Да, они тихо и мирно работают на рынке продавцами или вежливо взвешивают гречку в магазинчике с издевательским названием 'Русь'. Красавцы! Черные волосы топорщатся из распахнутых рубах, не менее волосатые руки так и играют силой, черные лакированные усы и усищи топорщатся на улыбчивых лицах. Вежливые, ничего не скажешь, образцово дисциплинированные, отличные выпускники школы Хаджанова — только сколько искренности в этой вежливости, а сколько презрения и непочтения — какой весовщик завесит?
Разобрав дело, рассказав о матери, о хаджановской угрозе, опять предупредив старших другов, почем может быть расплата, Глебка ни с того ни с сего предложил ребятам поехать в город. Просто так, протряхнуться. В родных кварталах они всем видимы и всеми узнаваемы, а собираться вместе сейчас, может, не самый раз, не самое подходящее время.

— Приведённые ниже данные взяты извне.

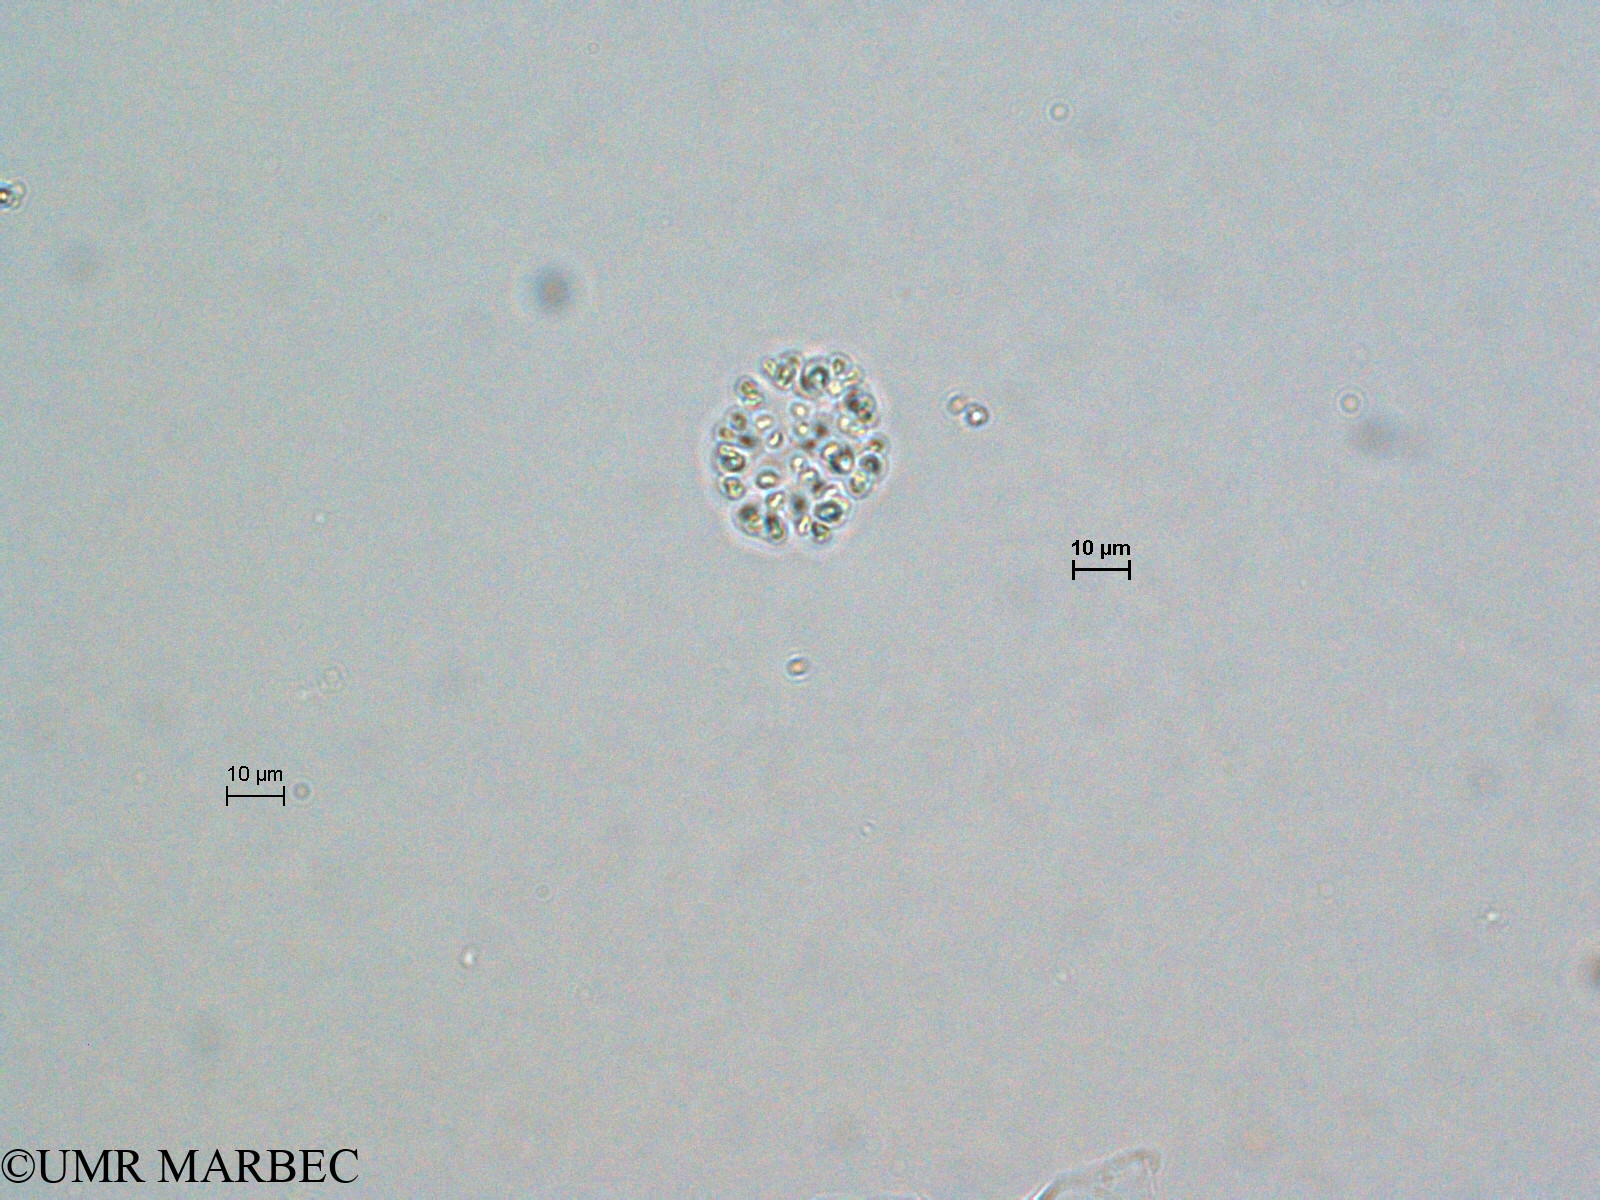 phyto/Scattered_Islands/europa/COMMA April 2011/Botryococcus sp (1)(copy).jpg

Братья охотно согласились. Завели свою 'газель' и поехали.
Что-то все-таки удивительное было в их отношении к Глебке. Школьник не то чтобы командовал тремя старшими парнями, а легко их соблазнял. Или чувствовали в нем продолжение Борика? Слегка опасались? По крайней мере, уважали…
В столице местных земель, городе, несомненно, более значительном и крупном по сравнению с Краснополянском, но все же неопрятном, обтерханном и в высшей степени поношенном за счет массовых когда-то построек из серого силикатного кирпича, выделялась собою разве что пустынная в старые времена площадь, ныне опять же обставленная по кругу фанерными разномастными киосками.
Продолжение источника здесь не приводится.